2016 08 30 - Phil Trans TA2077 banner

Solar eclipses rarely cross populated regions, but provide great opportunities both for science and science outreach when they do. The recent 20 March 2015 solar eclipse tracked across the Atlantic, giving substantial solar radiation changes in the UK and Iceland, and totality in the Faeroes. This Theme Issue of the Philosophical Transactions of the Royal Society brings together a unique series of studies on effects of eclipses on the weather, placed in the context of societal responses to eclipses. Professor Giles Harrison from this department was joint lead editor on the issue, and the journal includes contributions from many members and ex-members of the Department of Meteorology at the University of Reading on a very wide variety of topics.
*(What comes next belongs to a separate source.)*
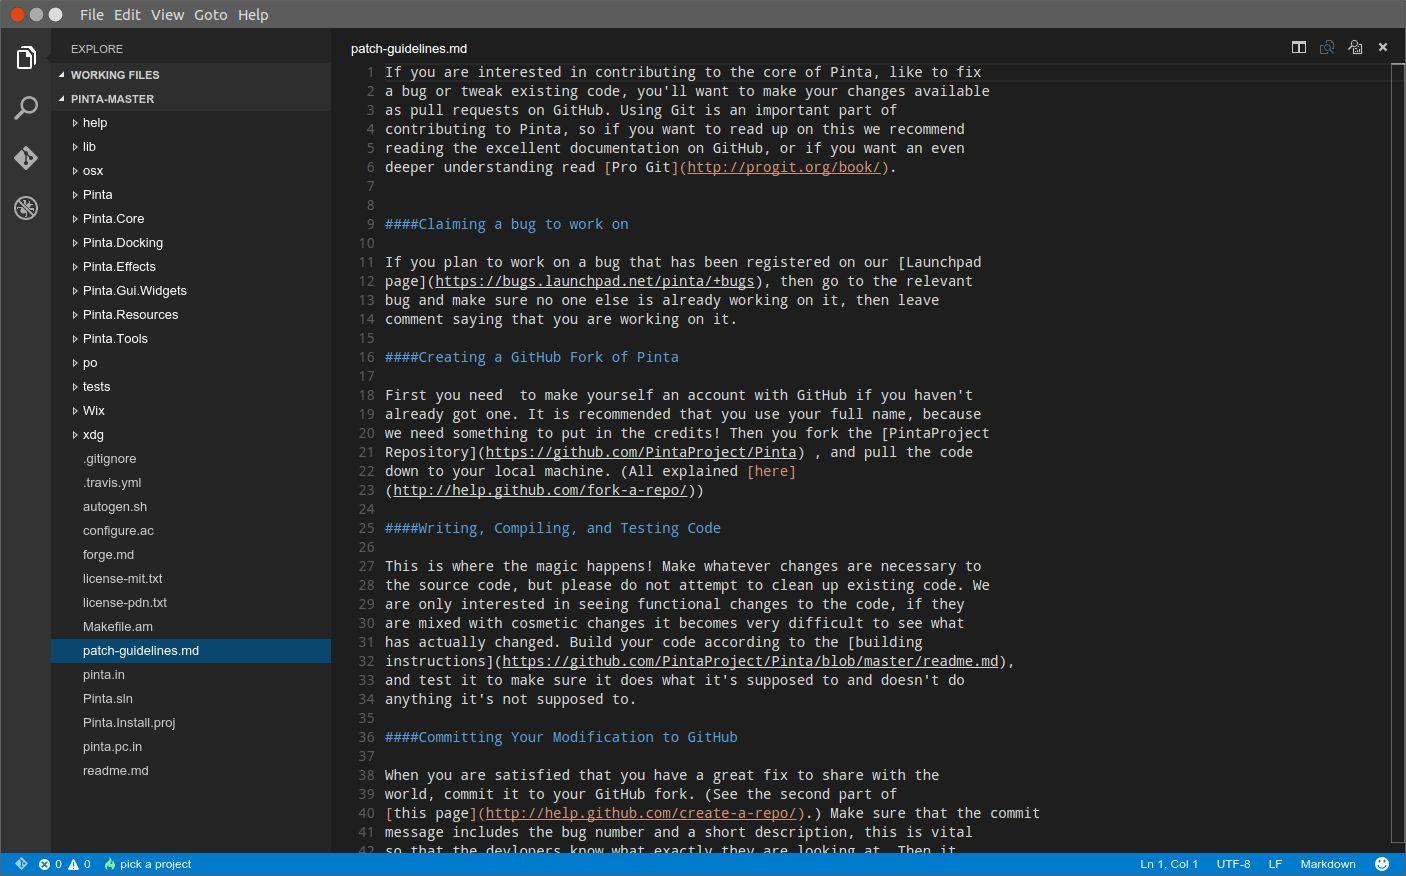 microsoft-visual-studio-code_1_174191.jpg

Investigating effects of eclipse-induced weather changes (e.g. in surface air temperatures, wind and cloud amount) has a long history, usually exploiting observations made during the eclipse for comparison with comparable non-eclipse conditions the day before or after. New approaches to study the weather-related changes are now possible, employing high resolution numerical models of the atmosphere in which an eclipse can be turned on or off at will, combined with the extensive coverage of good quality amateur and professional weather data available. This issue includes work analysing surface, balloon and satellite observations, alongside high resolution numerical modelling studies. In doing so it defines a new interdisciplinary research area in eclipse weather, closely focussed in scope, but diverse in the work it contains.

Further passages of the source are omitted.